Figure 12-3: A text file containing Invoice details.

This text file contains a table of invoices with the fields Qty, UnitCost, and UnitPrice. Your newly created function can be used to calculate profit using these fields.

To create a new query from this text file, follow these steps:

  1. Click the Data tab in Excel and select New Query ⇒ From File ⇒ From Text.

    This step opens the Import Data dialog box.

  2. Browse for, and select, the Chapter_12 Sample text file.

    Power Query opens the text file and opens the Query Editor.

  3. While in the Query Editor, click the Add Column tab and then click the Add Custom Column button, as shown in Figure 12-4.

    The Add Custom Column dialog box opens, and you can call the custom function and pass it the needed parameters.

  4. In this case, enter the following line:

    = FunctionProfit([UnitPrice], [UnitCost])*[Quantity]

    This syntax calls the FunctionProfit custom function and passes the UnitPrice and UnitCost fields as the required parameters. The results are then multiplied by the Quantity field.
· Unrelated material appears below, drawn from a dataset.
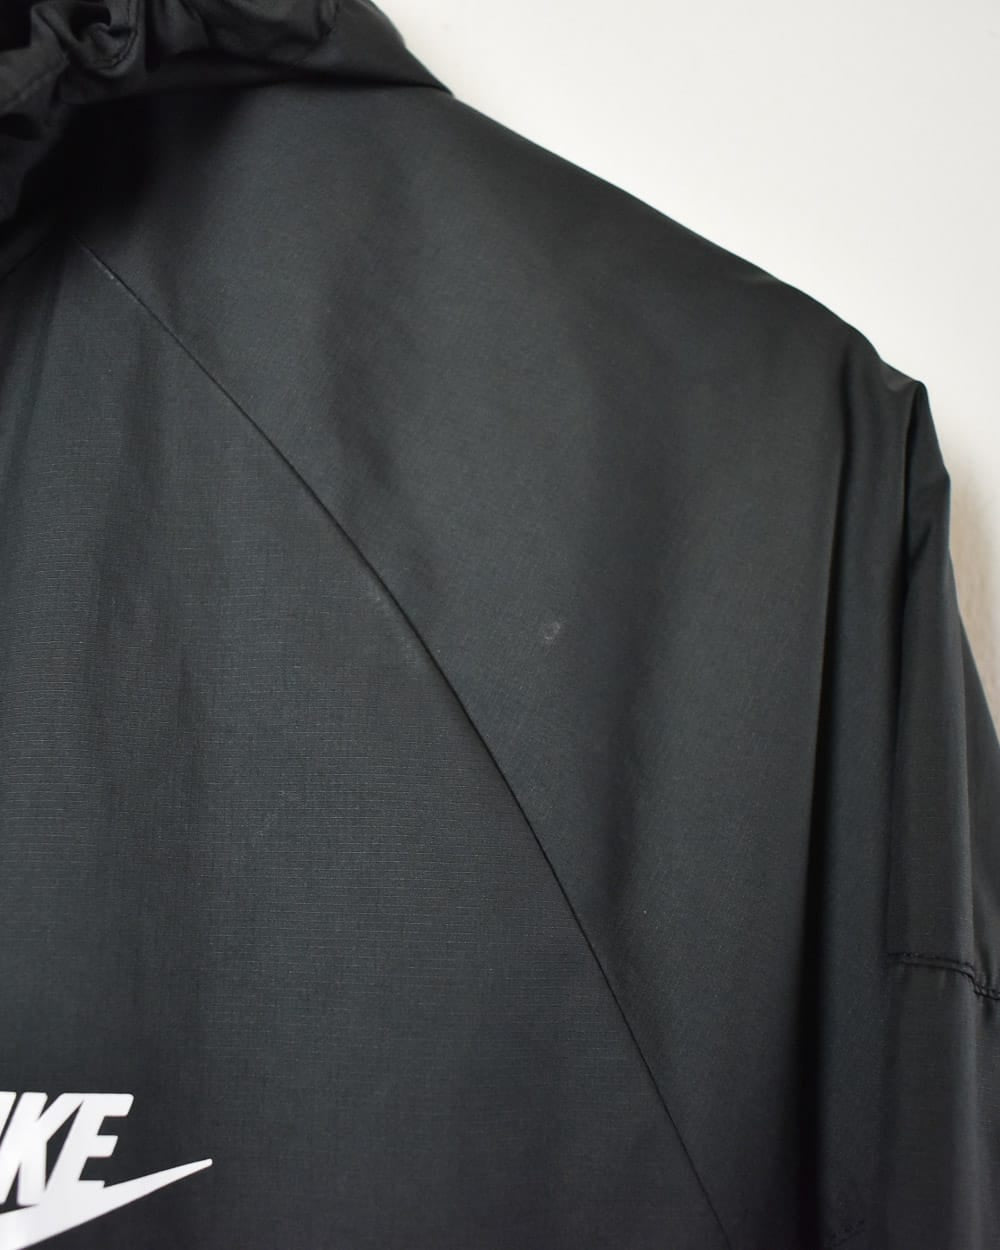 Black Nike Hooded Windbreaker Jacket - Medium

The Add Custom Column dialog box should look similar to the one shown in Figure 12-5.

  5. Click the OK button to apply the custom column.
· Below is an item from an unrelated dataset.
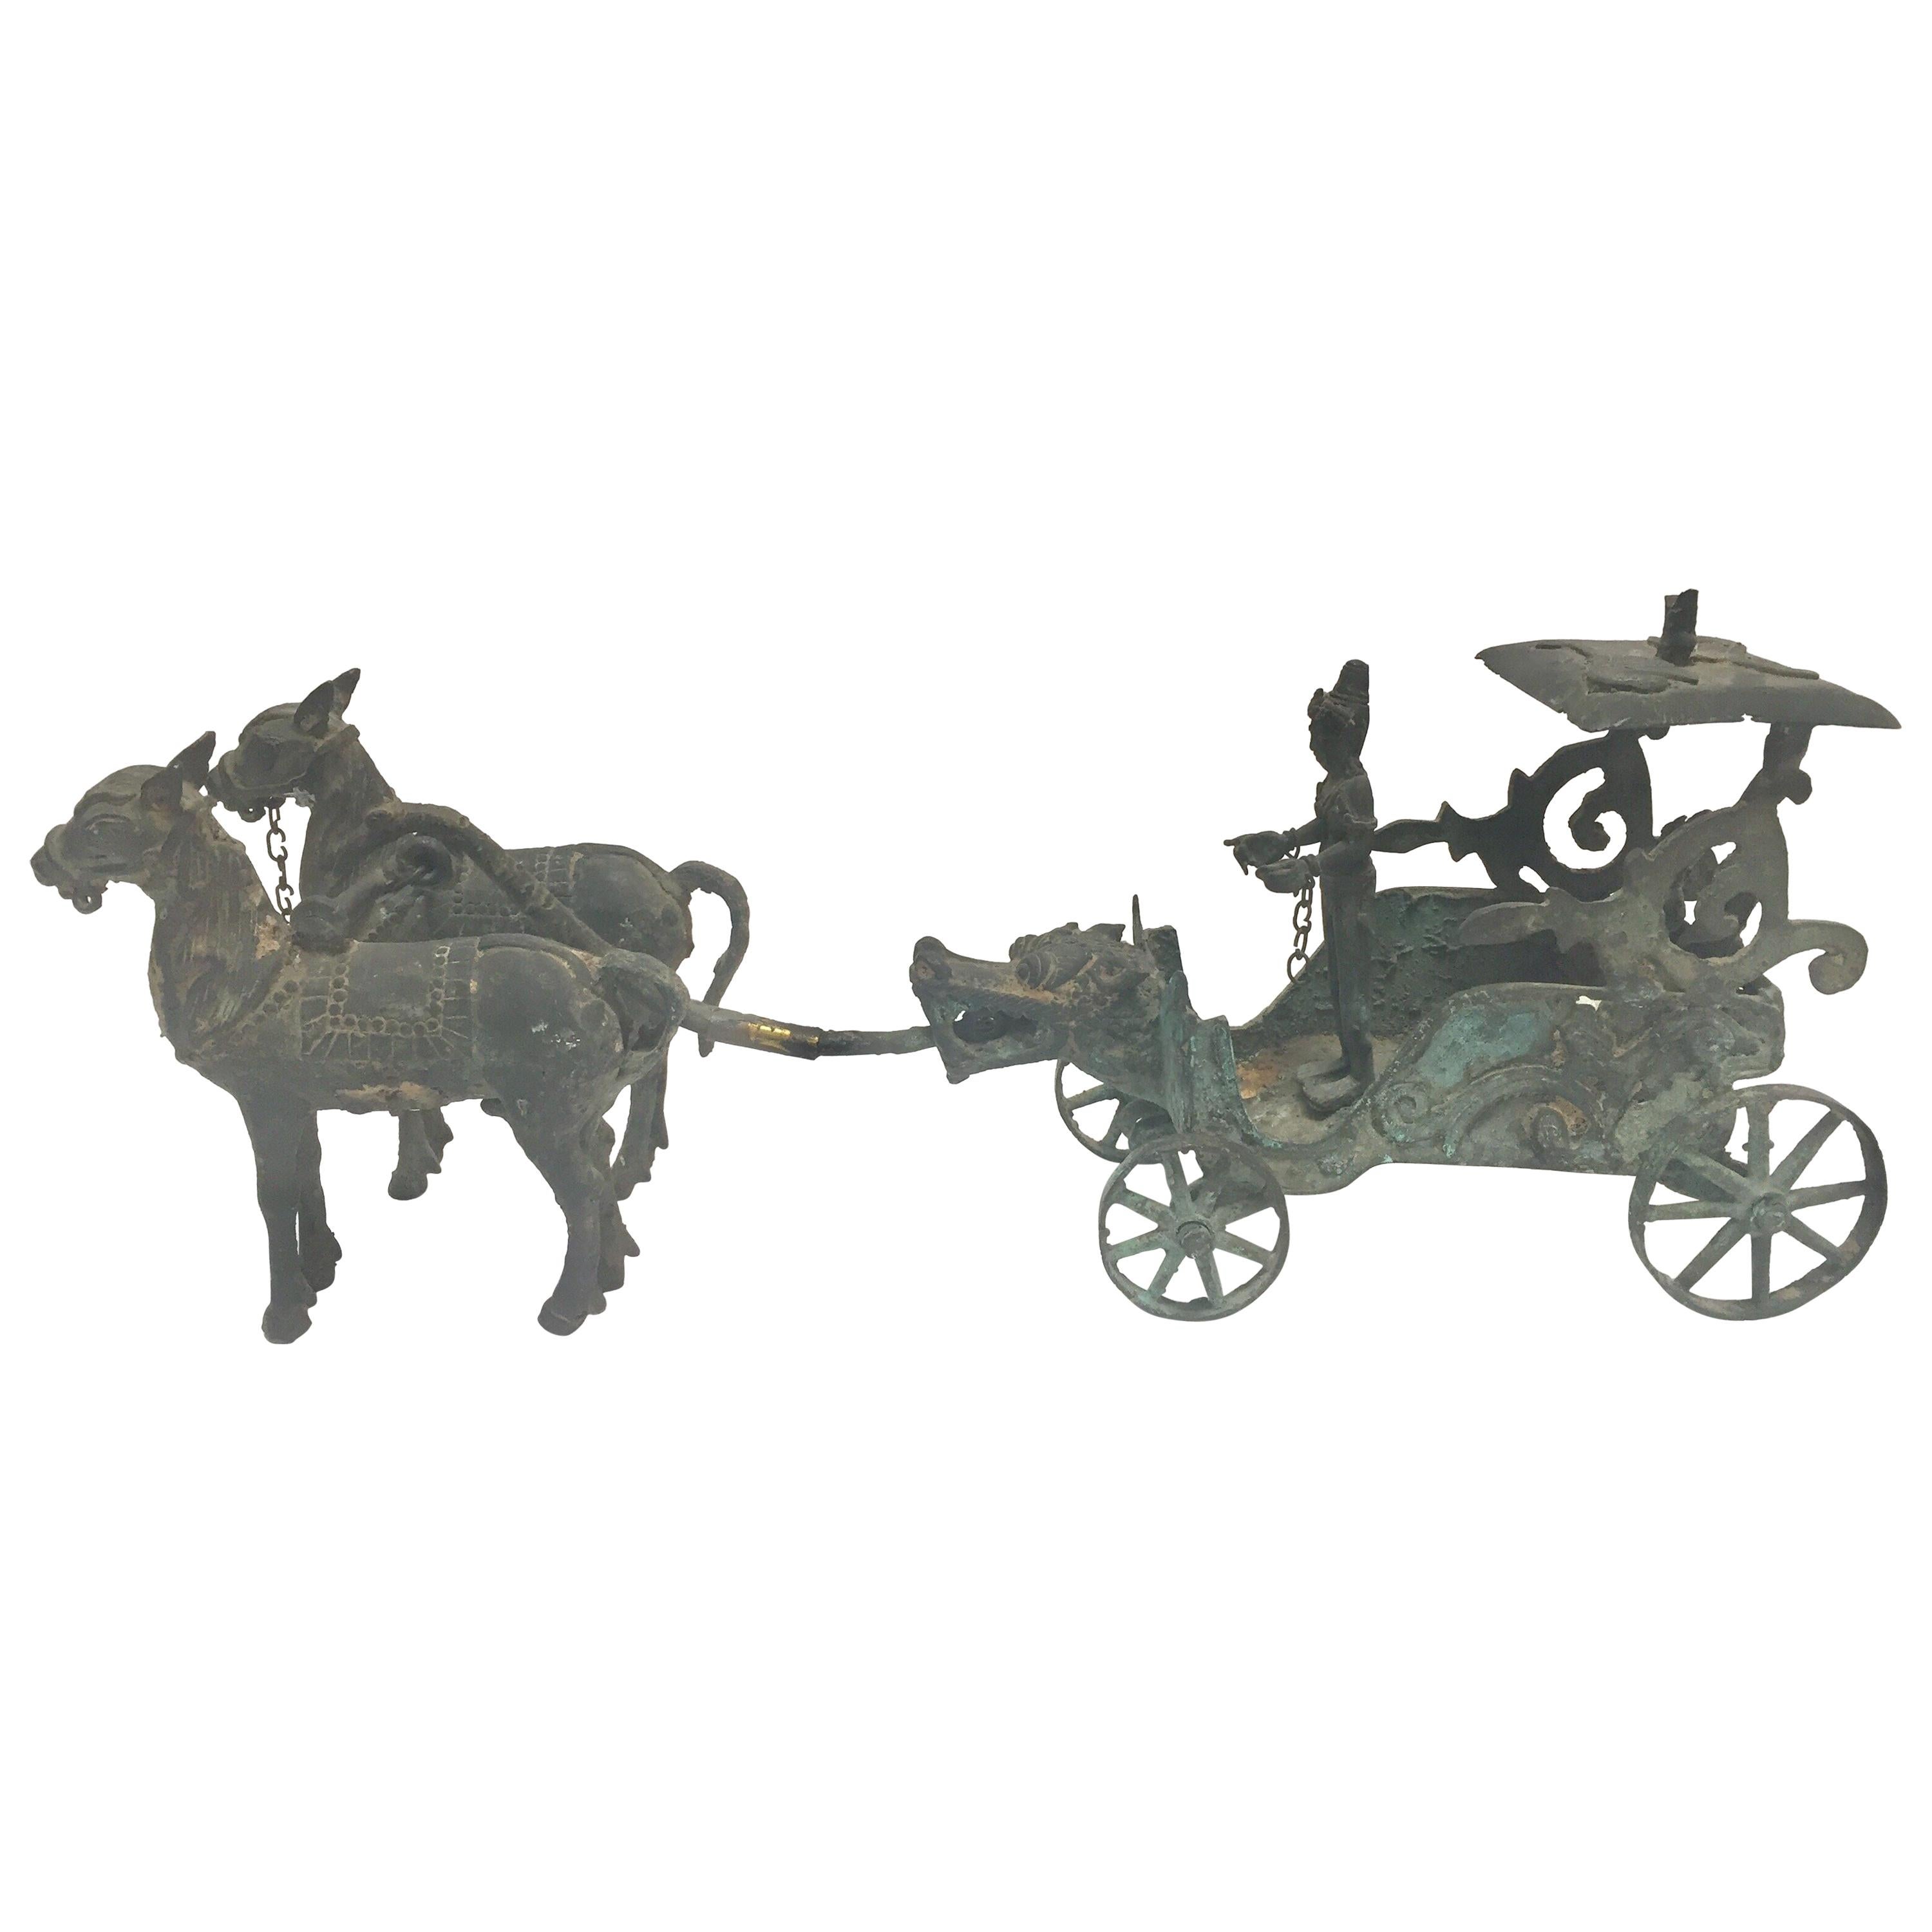 Chariot asiatique ancien en bronze avec tête de dragon tirée par des chevaux

    When you confirm the changes, Power Query triggers the function for each row in the data table.

image

Figure 12-4: Add a custom column.

image

Figure 12-5: Use the Add Custom Column action to invoke your function.

Although this example is quite basic, it demonstrates that you can define a function that requires parameters and then use the function in other queries. This simple technique is the foundation for creating more useful functions.
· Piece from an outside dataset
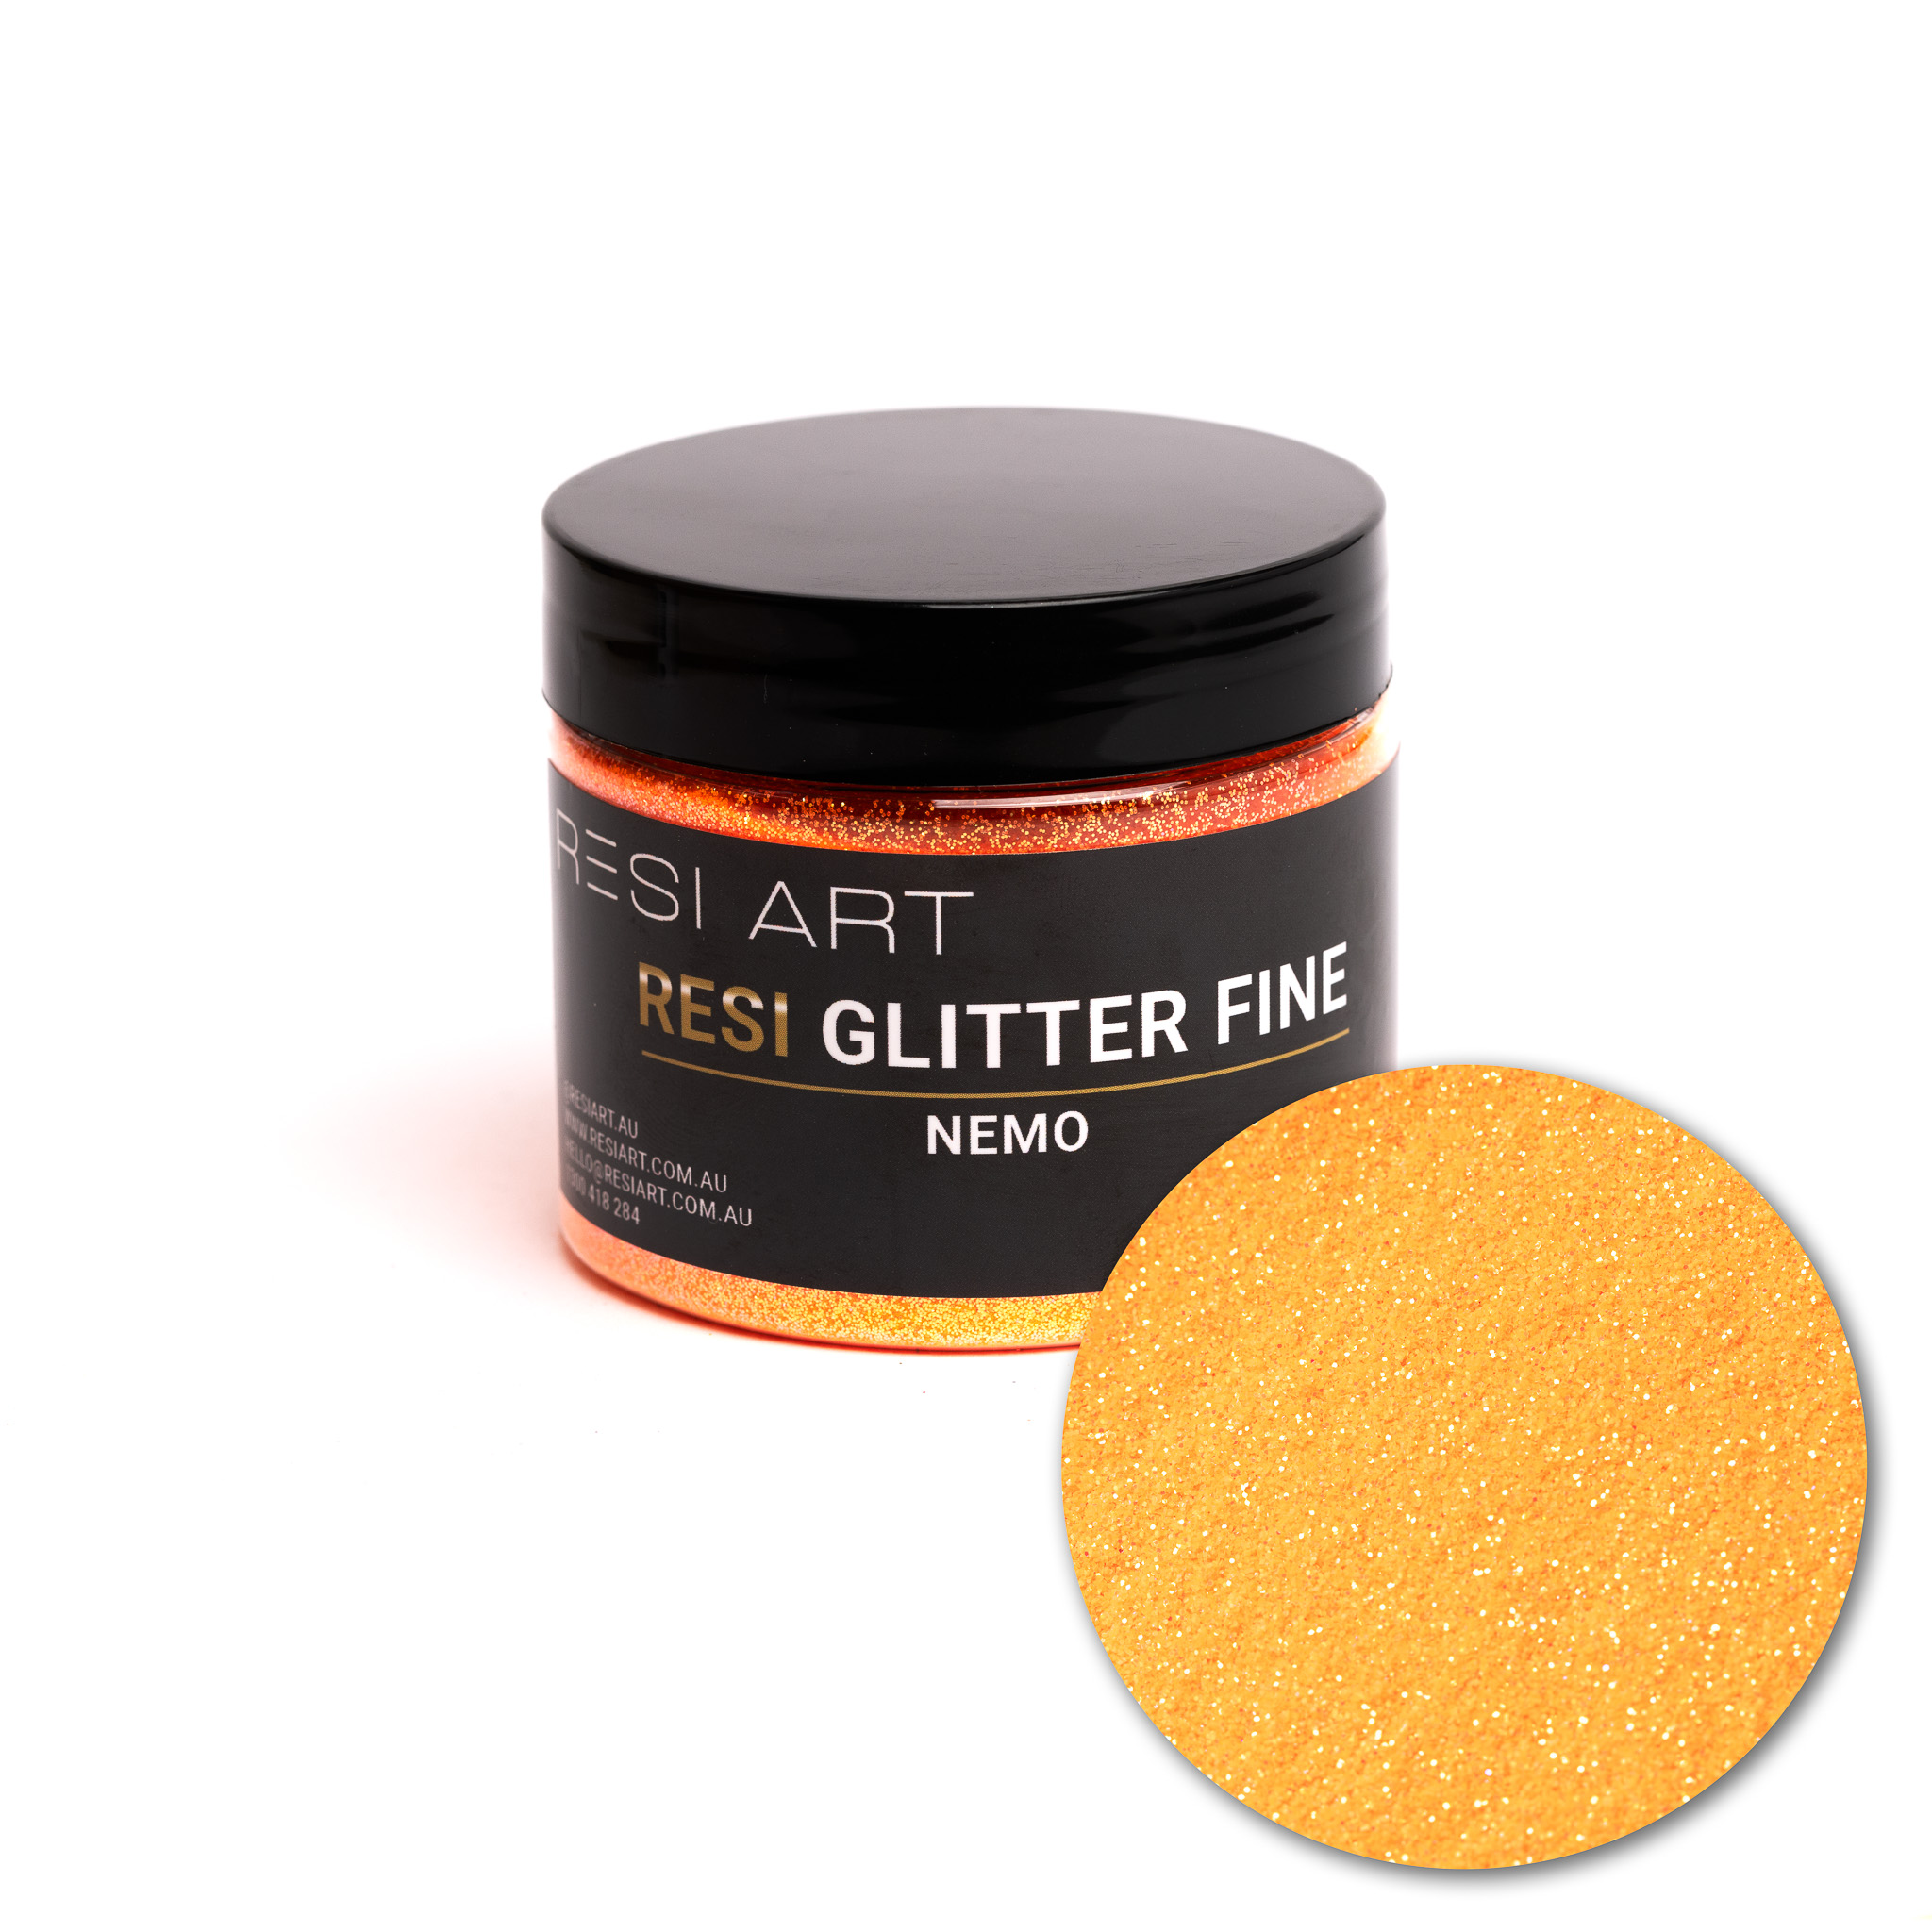 Nemo 100g - Resi Glitter Fine

remember Power Query functions are stored in the workbook in which they reside. Unfortunately, there’s no easy way to share functions between workbooks. If you start a new workbook, you need to re-create your functions in that new workbook.

Creating a Function to Merge Data from Multiple Excel Files

When building a basic function, such as the profit function you create in the earlier section “Creating and Using a Basic Custom Function,” it’s no big deal to start from a blank query and enter all the code from scratch. But for more complex functions, it’s generally smarter to build a starter query via Query Editor and then manipulate the M code to accomplish what you need.

Imagine that you have a set of Excel files in a folder (see Figure 12-6). These files all contain a worksheet named MySheet that holds a table of data. The tables in each file have the same structure, but need to be combined into one file. This is a common task/nightmare that most Excel analysts have faced at one time or another. If you don’t have a solid knowledge of Excel VBA programming, this task typically entails opening each file, copying the data on the MySheet tab, and then pasting the data into a single workbook.

image

Figure 12-6: You need to merge into one table the data in all the Excel files in this folder.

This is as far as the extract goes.